First, root-finding arises in many applications in any kind of engineering and science. Consider the general problem in which the purpose is to find that x-value that satisfies the following equation for a certain function f:

$$f(x) = 0$$

There are multiple numerical approaches to iteratively find this x-value, including the famous Newton's method. Here, a certain starting value $x^{(0)}$ is chosen, after which the following equation is used to update $x^{(k)}$ until a particular convergence criterium is reached:

$$x^{(k)} = x^{(k)}-{\frac {f(x^{(k)})}{f'(x^{(k)})}}\$$

Note that the derivative of f with respect to x evaluated at $x^{(k)}$ plays a crucial role in this equation. In many cases, analytical expressions for $f'(x)$ are not available and numerical differentiation methods are needed. With the forward mode of the automatic differentiation working, the Newton's method for root-finding can be implemented.
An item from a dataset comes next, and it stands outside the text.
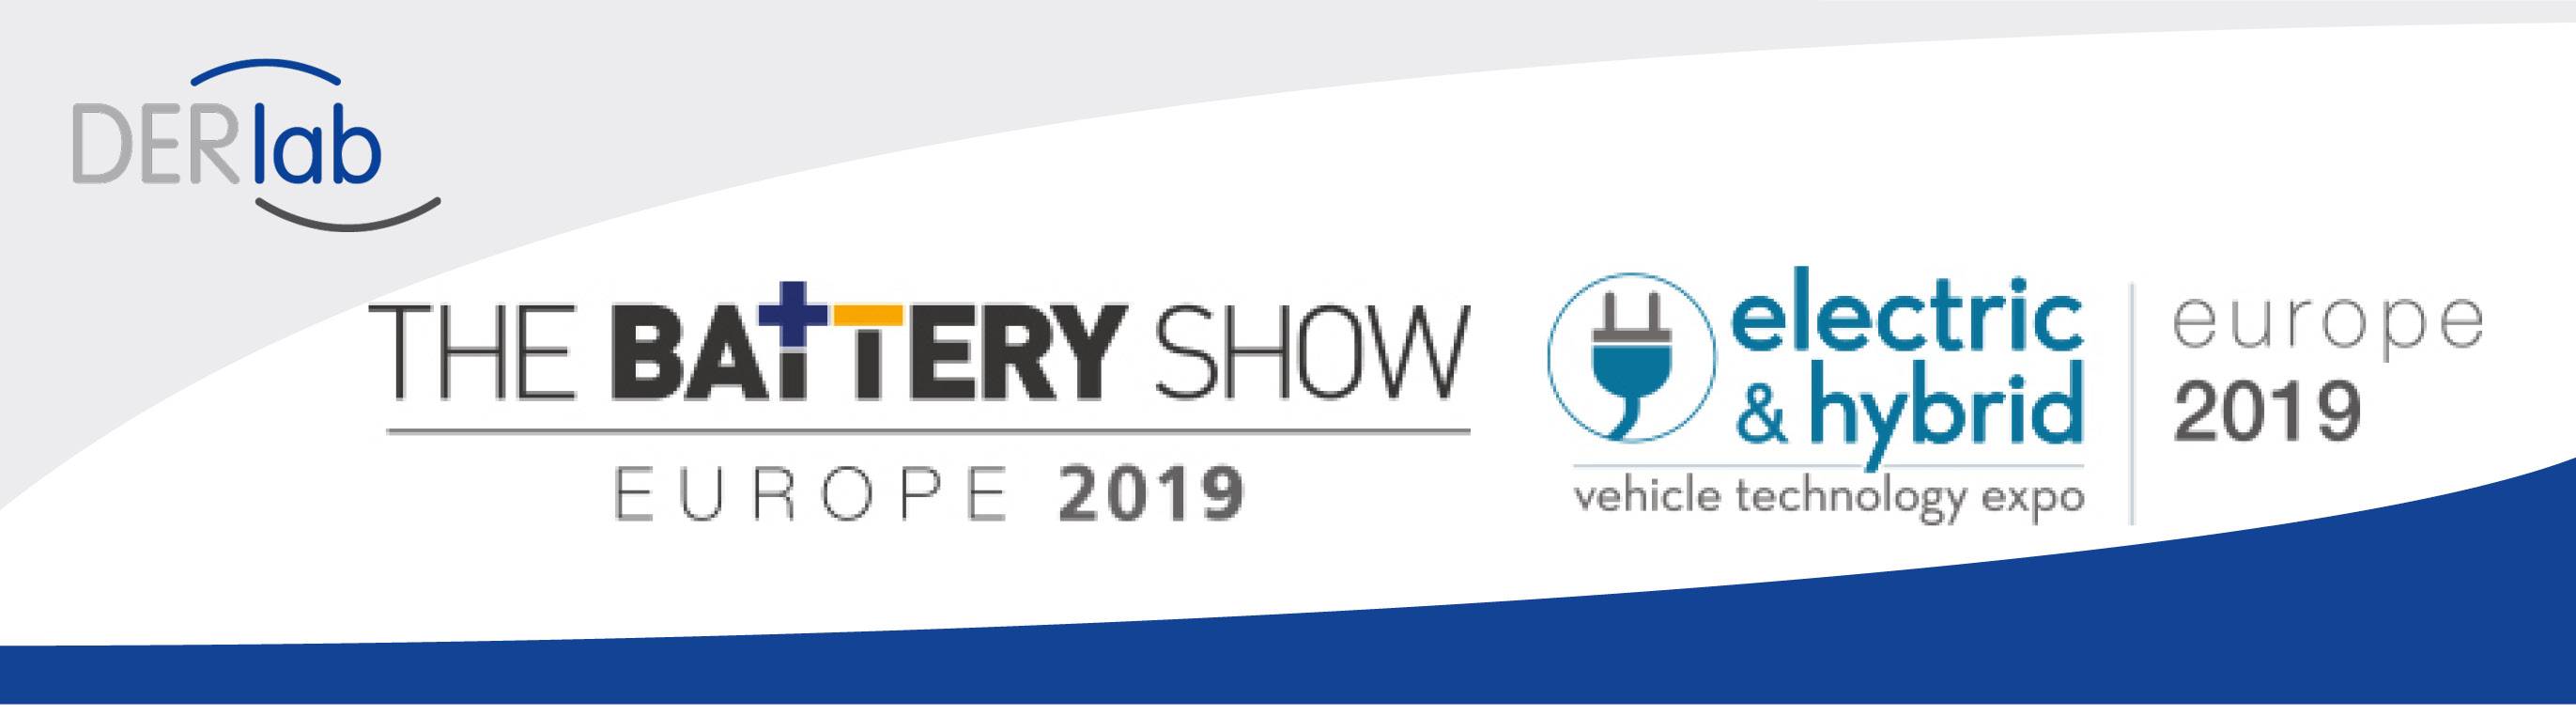 DERlab partners with the Battery Show Europe 2019

It is foreseen that the the user interacts as follows with this module of the package AutoDiff:

```python
>>> from AutoDiff.ForwardAd import Var
>>> from AutoDiff import Newton
>>> def f(x):
    return Var.sin(x)**(Var.sqrt(x))
>>> x_0 = 0.1
>>> root = Newton(f, x_0)
```

In multiple dimensions the iterative expression becomes:

$$\mathbf {x} ^{(k+1)}=\mathbf {x} ^{(k)}-[\mathbf {H} f(\mathbf {x} ^{(k)})]^{-1}\nabla f(\mathbf {x} ^{(k)}) $$

Here, $\mathbf {x}$ represents a vector and $\mathbf {H}$ and $\nabla f$ the Hessian and gradient of f with respect to $\mathbf {x}$ respectively.


**6.2 Optimization**

A second, highly relevant application of numerical differentiation can be in optimization. In many problems, and most notably in Computer Science and Machine Learning in the last years, is it crucial to efficiently minimize a certain function F in terms of multiple variables $\mathbf {x} = (x_1, ..., x_n)$. Or mathematically:

$$\mathbf {x}_{solution} = \underset{\mathbf {x}}{argmin}   F(\mathbf {x})$$

A common numerical method that iteratively computes the solution for this equation is gradient descent. In this algorithm, an initial guess is iteratively updated by the taking a step in the direction that is alligned with the steepest descent - or in the opposite direction of the gradient at that particular value. This leads to the following equation:

$${\displaystyle \mathbf {x} ^{(k+1)}=\mathbf {x} ^{(k)}-\gamma \nabla F(\mathbf {x} ^{(k)})}$$

Here, $\gamma$ is called the 'learning rate' and corresponds to the size of the step taken in the steepest direction. Again, it is crucial to accurately compute the gradient $\nabla F(\mathbf {x} ^{(k)})$ in every iteration and this is where the automatic differentiation package comes in. For the moment, it is foreseen that the user would interact with the package as follows:

```python
>>> from AutoDiff.ForwardAd import Var
>>> from AutoDiff import GradientDescent as GS
>>> def F(x1, x2, x3):
    return Var.sin(x1)**(Var.sqrt(x2)) + x3
>>> x_0 = [0.1, 0, 2]
>>> gamma = 0.1
>>> argmin, min_F = GS(F, x_0, gamma)
```

Note that argmin stands for the array of values for $\mathbf {x}$ that minimizes F and min_F corresponds of the actual value of the function F at that minimum. Also, it is important to know that teh gradient descent algorithm does not guarantee an absolute minimum, but through clever implementations it is able to find a local minimum that satisfies the criteria in practice.